Set notation
A graph can be described using mathematical set notation. A graph G is a set of vertices V, and a set of Edges E. We can list the vertices inside curly brackets, and each edge can be listed as a pair of vertices.
G = (V, E)
V = {A, B, C, D, E}
E = {(A, B), (A, D), (B, C), (B, E), (C, E), (D, B), (D, E), (E, B)}
For a weighted directed graph, the cost of each each can be added to this notation.
G = (V, E)
V = {A, B, C, D, E}
E = {(A, B, 6), (A, D, 1), (B, C, 5), (B, E, 4), (C, E, 5), (D, B, 2), (D, E, 1), (E, B, 2)}
So what if we want to code up a graph and work with the data it contains? How do we represent a graph programmatically?
If we take an OO approach to creating a Graph, there are two ways a Graph class could internally maintain the vertices and edges of a graph. These are the adjacency list or the adjacency matrix.
Adjacency list
With an adjacency list system, we have a master list of vertices. Then, for each edge, each starting vertex maintains a list of ending vertices, or, to put it another way, each vertex maintains a list of its neighbours.
There are several ways an adjacency list could be implemented, but an object oriented approach is probably the most suitable. We could code up a vertex class, that each vertex object would be instantiated from. The vertex class would have a property to hold information about a vertex (such as the name of a city if we were representing some kind of map). Another property could be an identifier for the vertex, and another, an array containing the identifiers of its adjacent vertices. The master list of vertex objects would also be stored in a simple one dimensional array.

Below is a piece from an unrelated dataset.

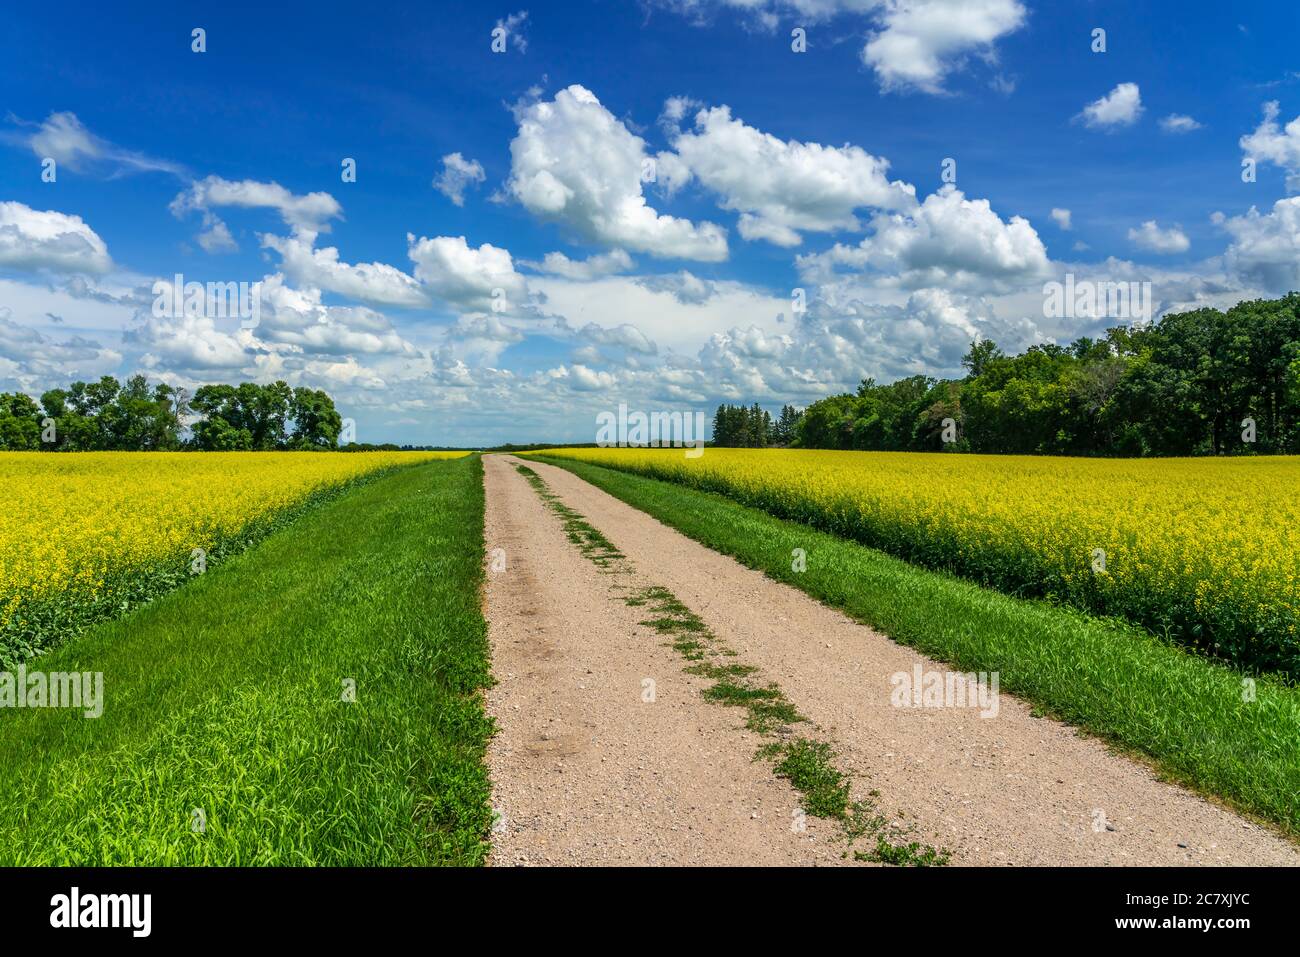 A blooming yellow canola field near Winkler, Manitoba, Canada. Stock Photo

To represent a weighted graph, the cost of each edge could be stored in the adjacency list too.
Using adjacency lists is a very compact, space-efficient, representation of a graph, particularly a sparse graph —you don’t have to store any more data than necessary. However, determining if a edge exists between two particular vertices would require searching through the adjacency list of one of them. For a dense graph, the time taken will increases proportionally with the density of the graph.
Adjacency matrix
With an adjacency matrix, every vertex is written as a row heading and as a column heading in a grid.
If an edge exists between a pair of vertices, then its weight can be indicated at the intersection of the appropriate row and column.
Note that for an undirected graph there is symmetry along the adjacency matrix’s diagonal. If there is an edge from A to B, there must be a corresponding edge from B to A. This symmetry would not be present for a directed graph.
For an unweighted graph, we can simply use a Boolean value to indicate the presence of an edge.
Implementing a graph with an adjacency matrix
An adjacency matrix can be implemented with a two dimensional array. We would still have a vertex class from which we could create each vertex object, but the actual connectivity of the graph would be defined by this 2D array of edges.
One of the advantage of an adjacency matrix over an adjacency list is that determining whether or not an edge exists between two vertices requires a simple array lookup, which takes the same amount of time to do regardless of edge in question.
However an adjacency matrix is not particularly efficient when it comes to space. For a sparse graph much of the adjacency matrix will be empty. Furthermore, for an undirected graph half of the information stored is just duplication.
Which method you choose to use to implement a graph will ultimately depend on the nature of the information it will represent and how you plan to process it.